In `DeltaABC`, if `sin A + sin B + sin C= 1 + sqrt2 and cos A+cos B+cosC =sqrt2` then the triangle is

To determine the type of triangle \( \Delta ABC \) given the conditions \( \sin A + \sin B + \sin C = 1 + \sqrt{2} \) and \( \cos A + \cos B + \cos C = \sqrt{2} \), we can analyze the given equations step by step. ### Step 1: Analyze the given conditions We have two equations: 1. \( \sin A + \sin B + \sin C = 1 + \sqrt{2} \) 2. \( \cos A + \cos B + \cos C = \sqrt{2} \) ### Step 2: Consider the angles of the triangle Since \( A + B + C = 180^\circ \), we can use the properties of sine and cosine for specific angles to check for possible triangle types. ### Step 3: Check if the triangle is equilateral If the triangle is equilateral, then \( A = B = C = 60^\circ \). - Calculate \( \sin A + \sin B + \sin C \): \[ \sin 60^\circ + \sin 60^\circ + \sin 60^\circ = 3 \cdot \frac{\sqrt{3}}{2} = \frac{3\sqrt{3}}{2} \approx 2.598 \] - This does not equal \( 1 + \sqrt{2} \) (approximately 2.414), so it is not equilateral. ### Step 4: Check if the triangle is isosceles Assume \( A = B \) and \( C \) is different.
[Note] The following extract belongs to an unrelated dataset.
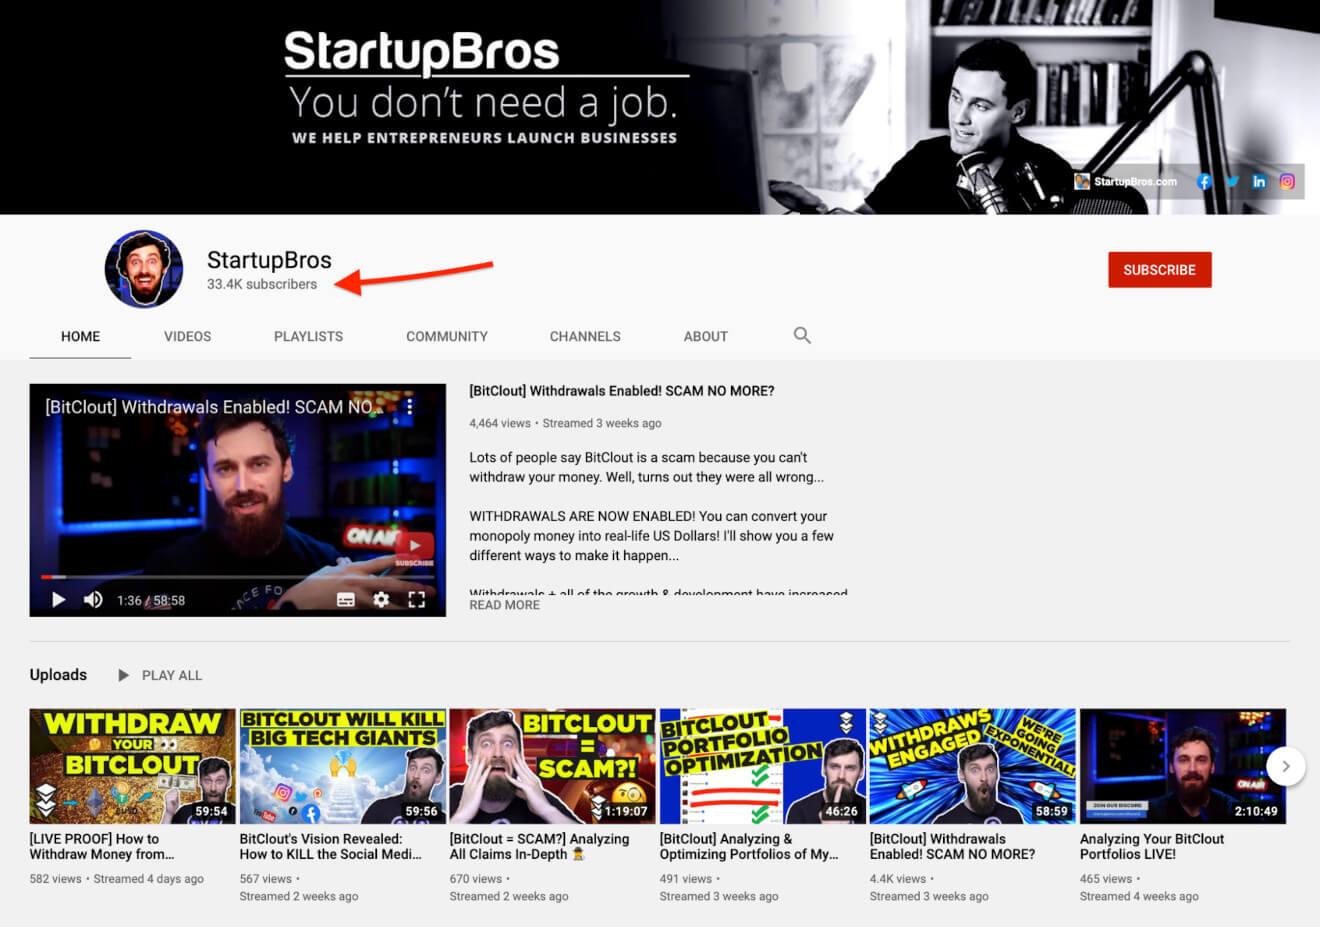 startupbros youtube videos

Let’s try \( A = B = 30^\circ \) and \( C = 120^\circ \). - Calculate \( \sin A + \sin B + \sin C \): \[ \sin 30^\circ + \sin 30^\circ + \sin 120^\circ = \frac{1}{2} + \frac{1}{2} + \frac{\sqrt{3}}{2} = 1 + \frac{\sqrt{3}}{2} \approx 1.866 \] - This does not equal \( 1 + \sqrt{2} \), so it is not isosceles. ### Step 5: Check if the triangle is right-angled Assume \( A = 90^\circ \), \( B = 30^\circ \), and \( C = 60^\circ \). - Calculate \( \sin A + \sin B + \sin C \): \[ \sin 90^\circ + \sin 30^\circ + \sin 60^\circ = 1 + \frac{1}{2} + \frac{\sqrt{3}}{2} = 1 + 1 = 2 \] - This does not equal \( 1 + \sqrt{2} \), so it is not a right triangle. ### Step 6: Check if the triangle is right-angled isosceles Assume \( A = 90^\circ \), \( B = 45^\circ \), and \( C = 45^\circ \). - Calculate \( \sin A + \sin B + \sin C \): \[ \sin 90^\circ + \sin 45^\circ + \sin 45^\circ = 1 + \frac{\sqrt{2}}{2} + \frac{\sqrt{2}}{2} = 1 + \sqrt{2} \] - This matches the first condition. - Now check \( \cos A + \cos B + \cos C \): \[ \cos 90^\circ + \cos 45^\circ + \cos 45^\circ = 0 + \frac{\sqrt{2}}{2} + \frac{\sqrt{2}}{2} = \sqrt{2} \] - This matches the second condition. ### Conclusion Since both conditions are satisfied with the angles \( A = 90^\circ \), \( B = 45^\circ \), and \( C = 45^\circ \), we conclude that the triangle is a **right-angled isosceles triangle**.